Discover which Pixar films emerged after a meeting between four animation legends
What could possibly come from a meeting between four animation legends? Of course, the answer could be none other than four great successes! That’s what happened in 1994, when the late filmmaker Joe Ranft; the former creative director of Pixar, John Lasseter; the animator Andrew Stanton; and the filmmaker Pete Doctermet at the Hidden City Café in Point Richmond, California, United States, as, while discussing ideas and sharing a good lunch, they conceived the first drafts for the major projects that would receive the Pixar seal after ‘Toy Story’ (1995).
There was something special that happened when John, Joe, Pete and I walked into a room. Whether it was promoting an idea or coming up with something, we just brought out the best in each other,” Stanton explained to The Post and Courier (via Collider).
But what were the titles created at this meeting? RECREIO has gathered the main information about them below; check it out!
Insect’s life
At that moment, the film about dolls that come to life when humans are not around was almost finished and, with it, Pixar was able to understand the strengths and those that could still be improved, since that was the first animated film through a computer.
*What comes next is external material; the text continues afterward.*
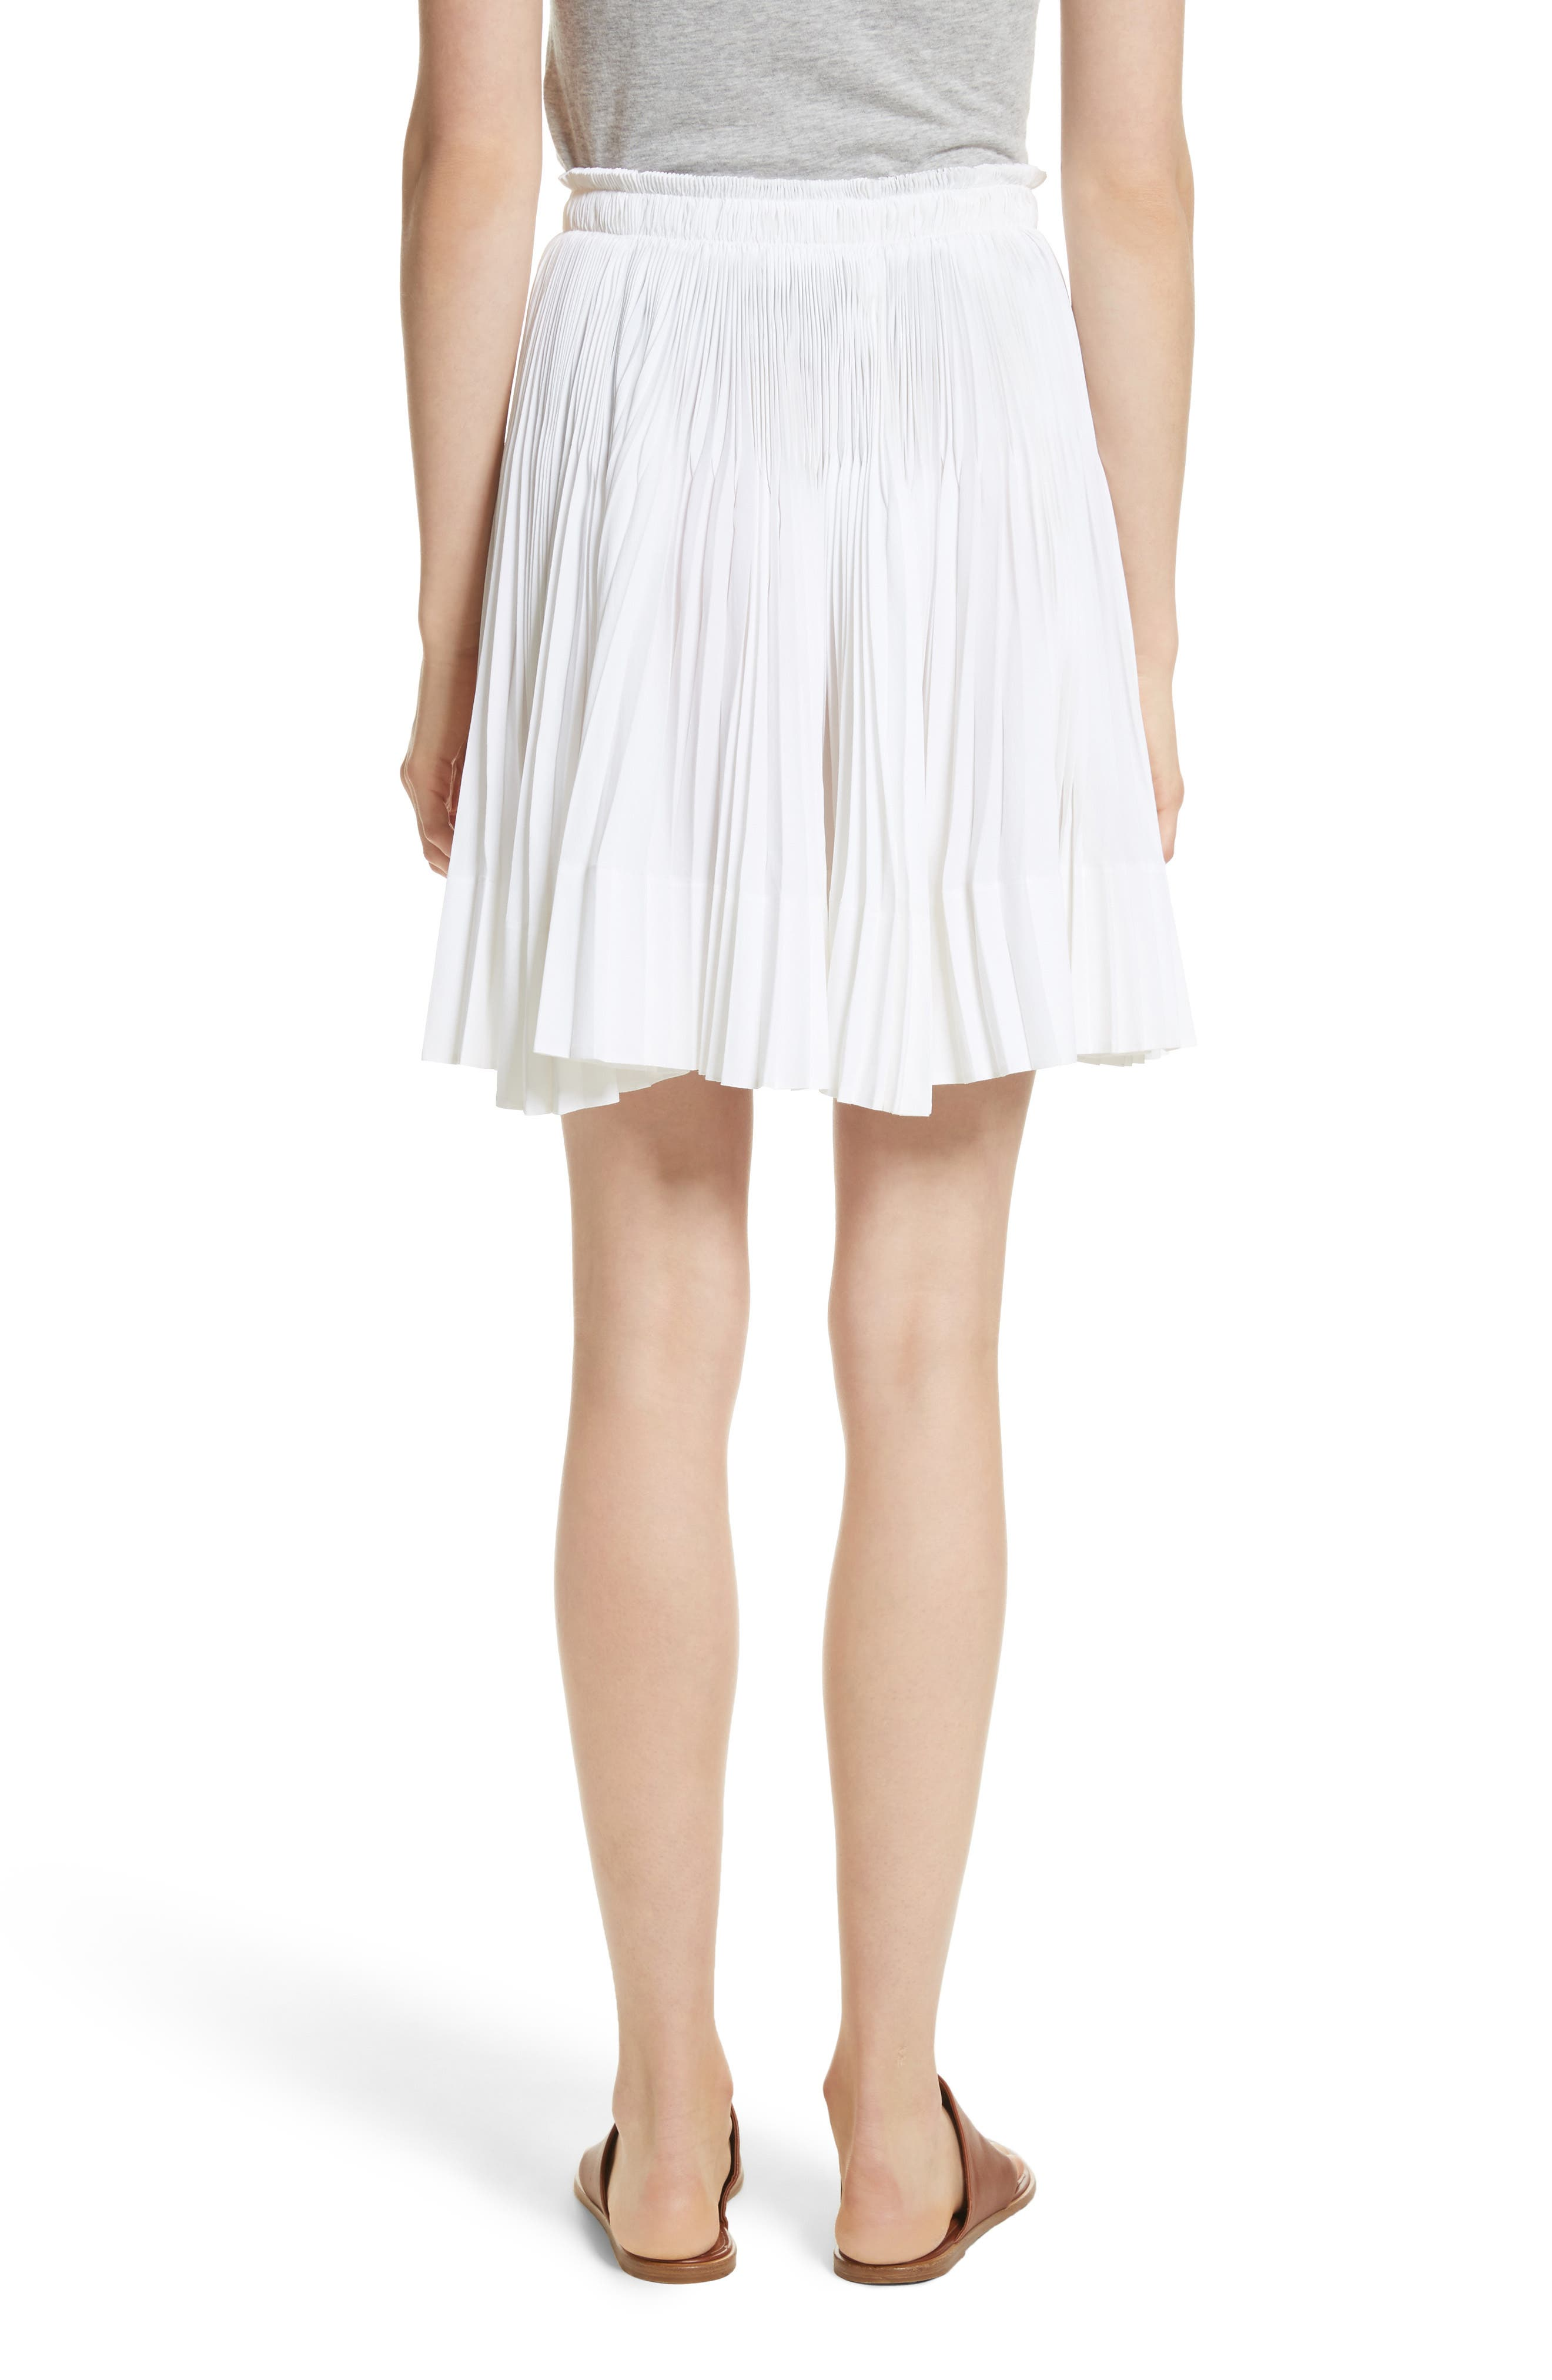 VINCE,                             Multi Pleat Skirt,                             Alternate thumbnail 2, color,                             137

With this, the conclusion was that human characters were difficult to animate at this early stage, and that they would not be in the studio’s next animation.
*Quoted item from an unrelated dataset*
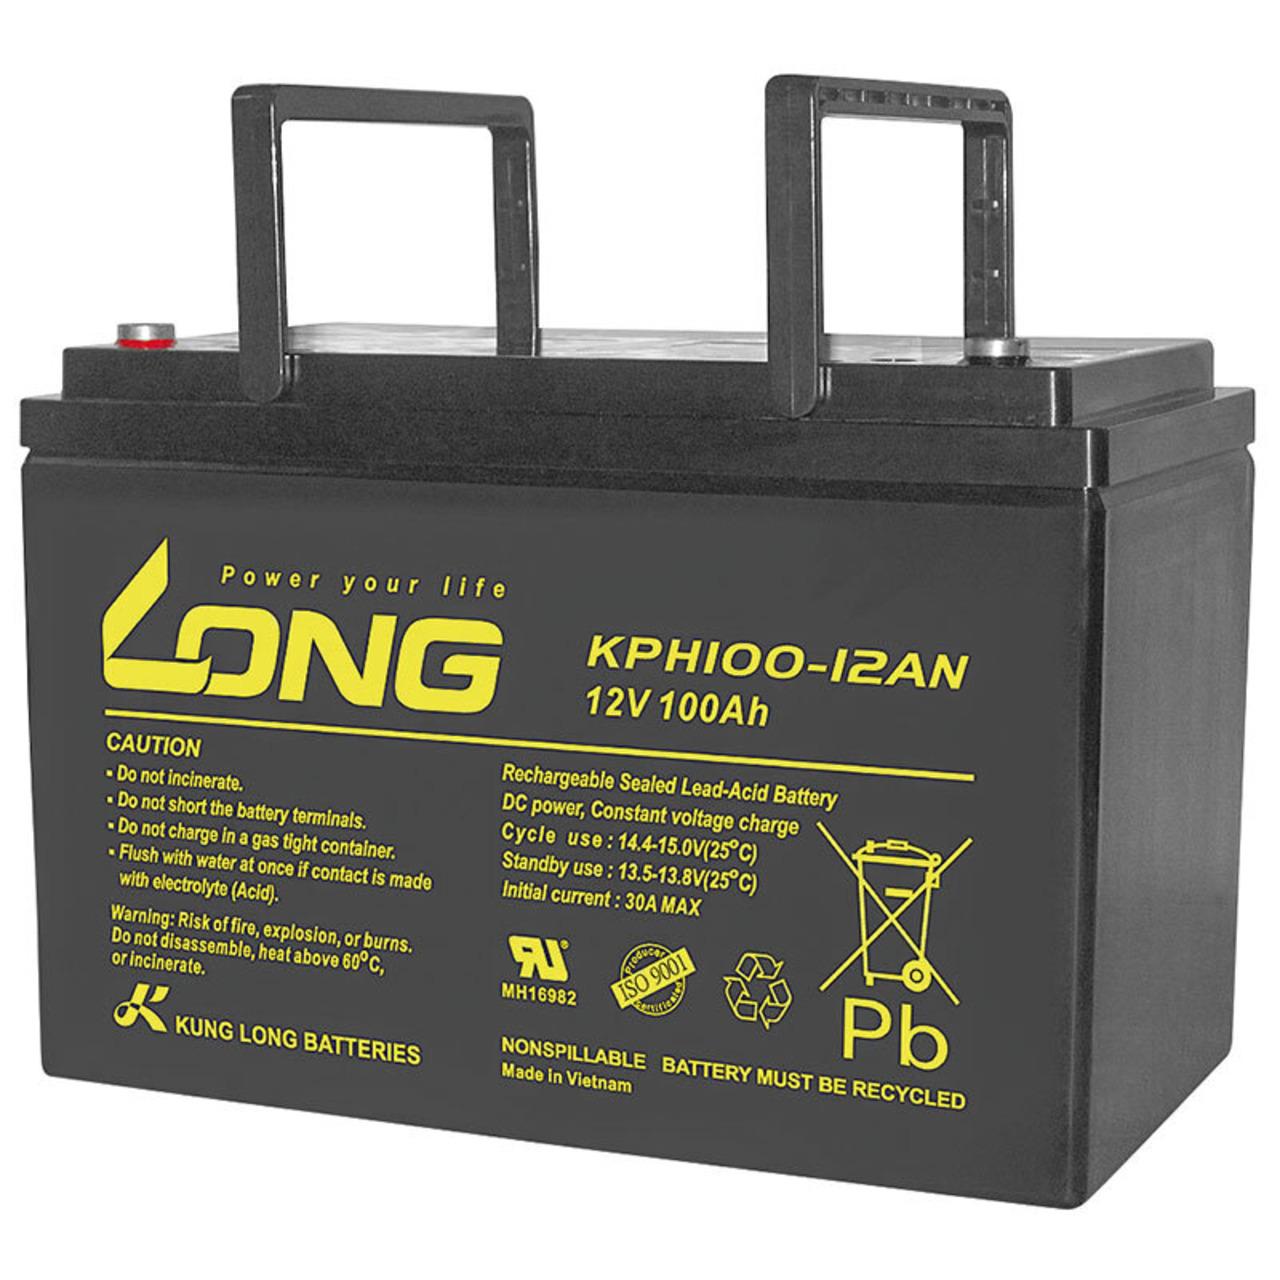 Kung Long Blei-AGM-Akku KPH100-12AN- 12 V- 100 Ah

Like this, Lasseter suggested creating a story starring insects and, inspired by ‘The Grasshopper and the Ant’, one of the tales of Aesop‘A Bug’s Life’ appeared, a film released in 1998 that stars Flik, an ant full of ideas who tries to recruit soldiers from other species after his colony is threatened by hungry grasshoppers led by Hopper.
Monsters Inc

Also inspired by ‘Toy Story’, Pete Docter wanted to bring a narrative that again addressed beliefs that children developed in childhood, and analyzing his past, he remembered that he used to believe that there were monsters in his closet that wanted to scare him — giving rise to the premise of ‘Monsters Inc.’ (2001), a film in which a monster factory is responsible for the portals between the city where the monsters live and the human world.
These portals give access to closets in children’s rooms, and crossing them, the creatures scare children, because, although considered toxic by the monsters, their frightened screams are responsible for supplying energy to the place that houses the monsters: Monstropolis.
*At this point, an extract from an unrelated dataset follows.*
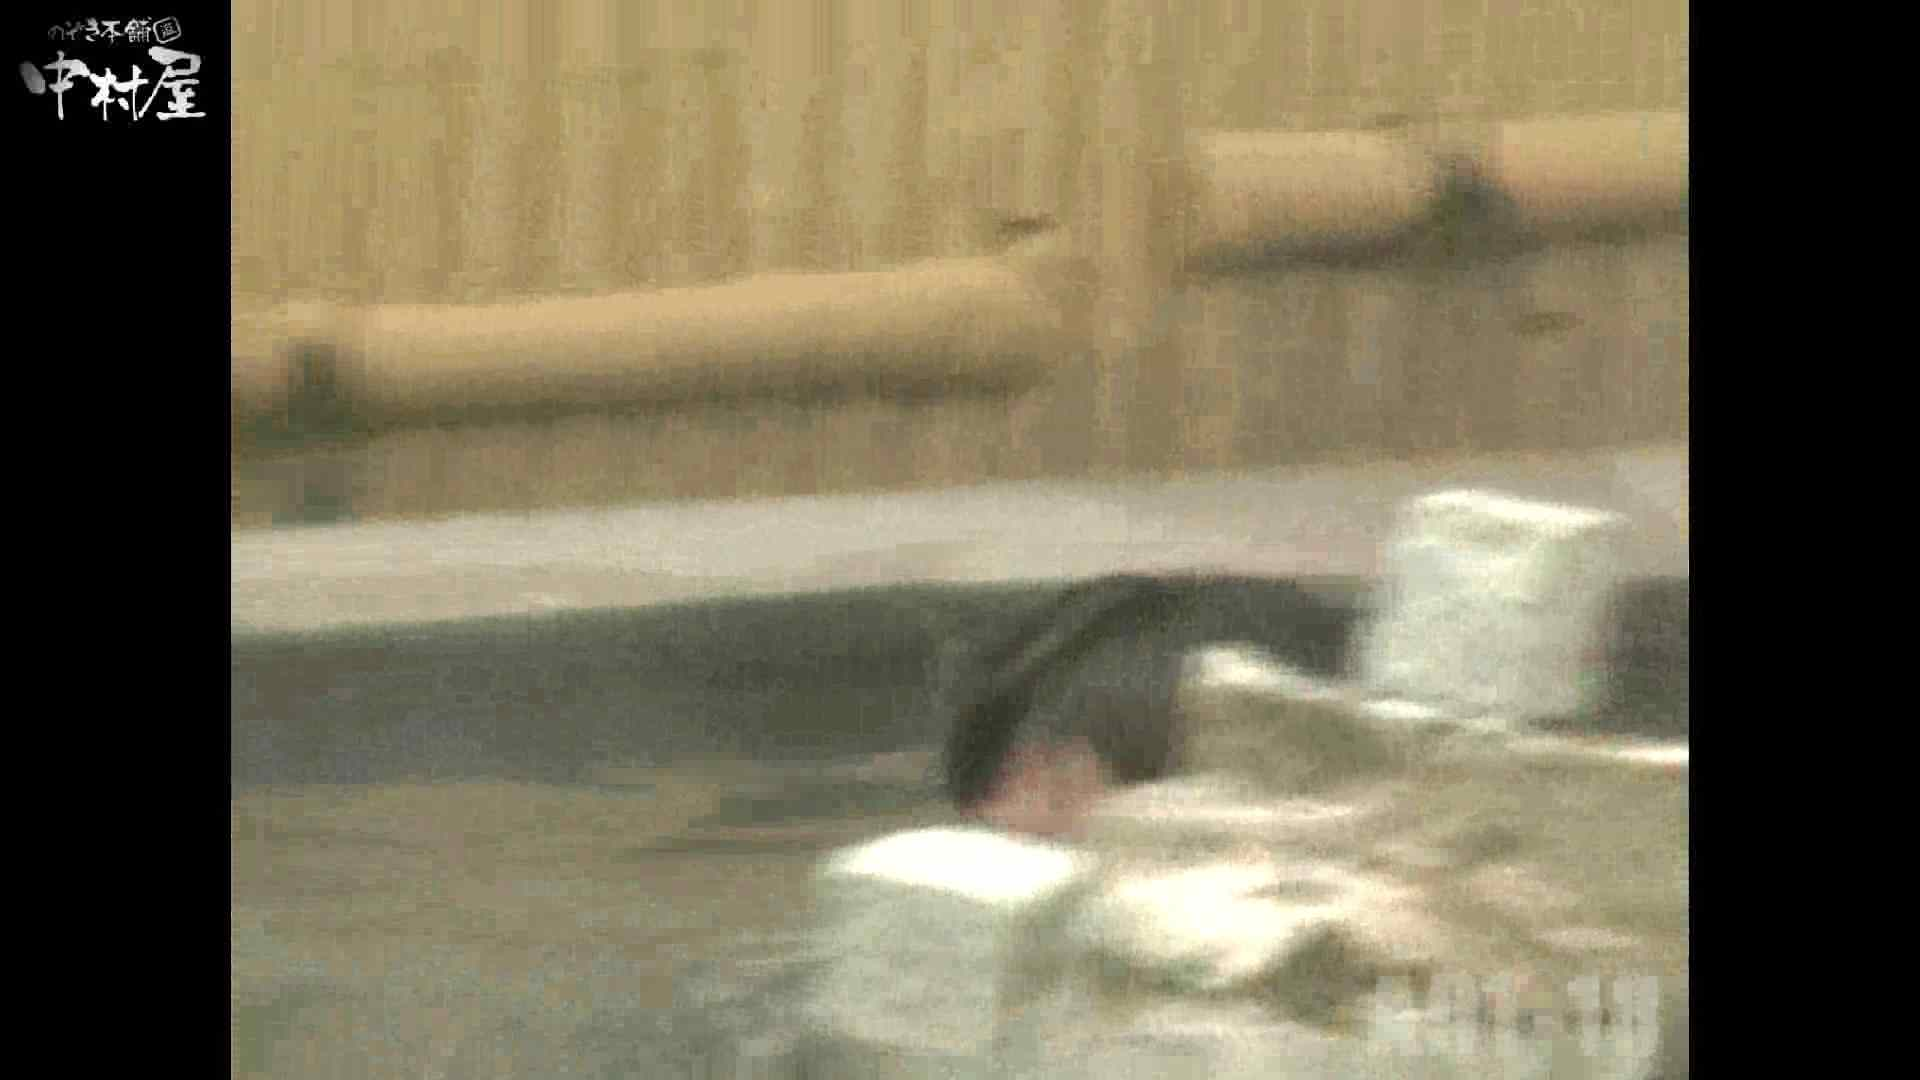 Aquaな露天風呂Vol.882潜入盗撮露天風呂十八判湯 其の七 露天 すけべAV動画紹介 84画像 35

However, the idea took a surprising turn, since when the small, green Mike and the big, furry Sully meet the girl Boo, who accidentally ends up in the monster world, all the monsters’ beliefs are reformulated, and even a new and more powerful energy source is discovered to power Monstropolis.
Looking for Nemo

In case of Stantonthe idea didn’t come from Pixar’s first feature film, but rather from a trip. That’s because, after observing the sharks at Marine World (now known as Six Flags Discovery Kingdom), Andrew He remembered that, when he was little, he wondered whether fish might want to leave their aquariums and return to the sea.
More than that, when he became a father, as he revealed in a commentary on the DVD ‘Finding Nemo’, he felt his overprotective nature come to the surface, which was the inspiration behind the relationship between Marlin and Nemo seen in the animation that hit theaters in 2003 to tell the story of the clownfish who, after ignoring his father’s advice, is captured by a diver and ends up in a dentist’s aquarium, causing father and son to go on dangerous adventures to return home.
Wall-E

Another idea that came up at Hidden City Café was ‘Wall-E’. Although Stanton It is Doctor began working on the plot in 1995, the animation was released 14 years after it was conceived, since, initially, they were unable to evolve the premise beyond the question discussed at that lunch: “What if humanity had to leave Earth and someone forgot to turn off the last robot, and it didn’t know it could stop doing what it was doing?”, as recalled by Stanton in one of the notes attached to the animation, causing other productions that were more forwarded to be prioritized.
However, the wait was rewarded, since, when it was released in June 2008, following Wall-e, a robot that compacts garbage abandoned on Earth by humans after the planet became uninhabitable due to atmospheric pollution, gaining a new purpose with the arrival of a new and more modern robot that makes it cross the entire galaxy, the title received the Oscar for Best Animation.